The two major players in this space are Brotli and ZStandard (or zstd for short). Brotli was released by Google in 2013 and zstd was released by Facebook in 2016. They’ve since been standardised, in RFC 7932 and RFC 8478 respectively, and have seen widespread use all over the software industry. It was actually the announcement by Arch Linux that they were going to start compressing their packages with zstd by default that made think about this in the first place. Arch Linux was by no means the first project, nor is it the only one. But to find out if it makes sense for the Node ecosystem, I need to do some benchmarks. And that means breaking out
Benchmarking part 1
I’m going to start with
tar and see what sort of comparisons I can get by switching gzip, Brotli, and zstd. I’ll test with the npm package of npm itself as it’s a pretty popular package, averaging over 4 million downloads a week, while also being quite large at around 11MB unpacked.
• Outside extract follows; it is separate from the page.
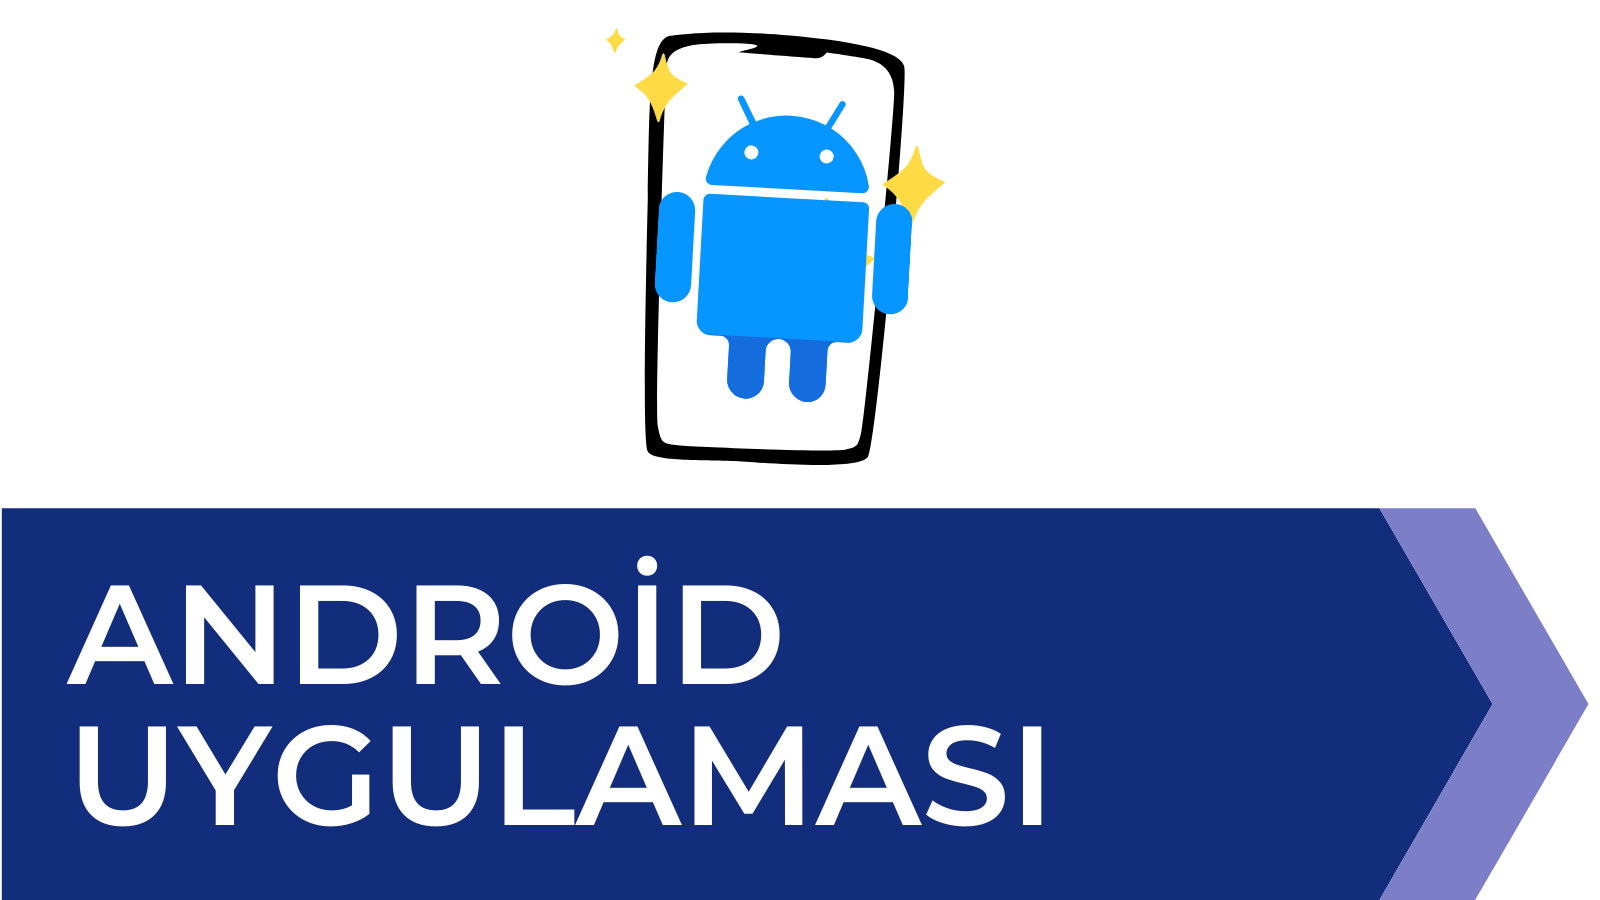 Android Uygulaması kapak

1$ curl --remote-name https://registry.npmjs.org/npm/-/npm-9.7.1.tgz 2$ ls -l --human npm-9.7.1.tgz 3-rw-r--r-- 1 jamie users 2.6M Jun 16 20:30 npm-9.7.1.tgz 4$ tar --extract --gzip --file npm-9.7.1.tgz 5$ du --summarize --human --apparent-size package 611M package
gzip is already giving good results, compressing 11MB to 2.6MB for a compression ratio of around 0.24. But what can the contenders do? I’m going to stick with the default options for now:
1$ brotli --version 2brotli 1.0.9 3$ tar --use-compress-program brotli --create --file npm-9.7.1.tar.br package 4$ zstd --version 5*** Zstandard CLI (64-bit) v1.5.5, by Yann Collet *** 6$ tar --use-compress-program zstd --create --file npm-9.7.1.tar.zst package 7$ ls -l --human npm-9.7.1.tgz npm-9.7.1.tar.br npm-9.7.1.tar.zst 8-rw-r--r-- 1 jamie users 1.6M Jun 16 21:14 npm-9.7.1.tar.br 9-rw-r--r-- 1 jamie users 2.3M Jun 16 21:14 npm-9.7.1.tar.zst 10-rw-r--r-- 1 jamie users 2.6M Jun 16 20:30 npm-9.7.1.tgz
Wow! With no configuration both Brotli and zstd come out ahead of gzip, but Brotli is the clear winner here. It manages a compression ratio of 0.15 versus zstd’s 0.21. In real terms that means a saving of around 1MB. That doesn’t sound like much, but at 4 million weekly downloads, that would save 4TB of bandwidth per week.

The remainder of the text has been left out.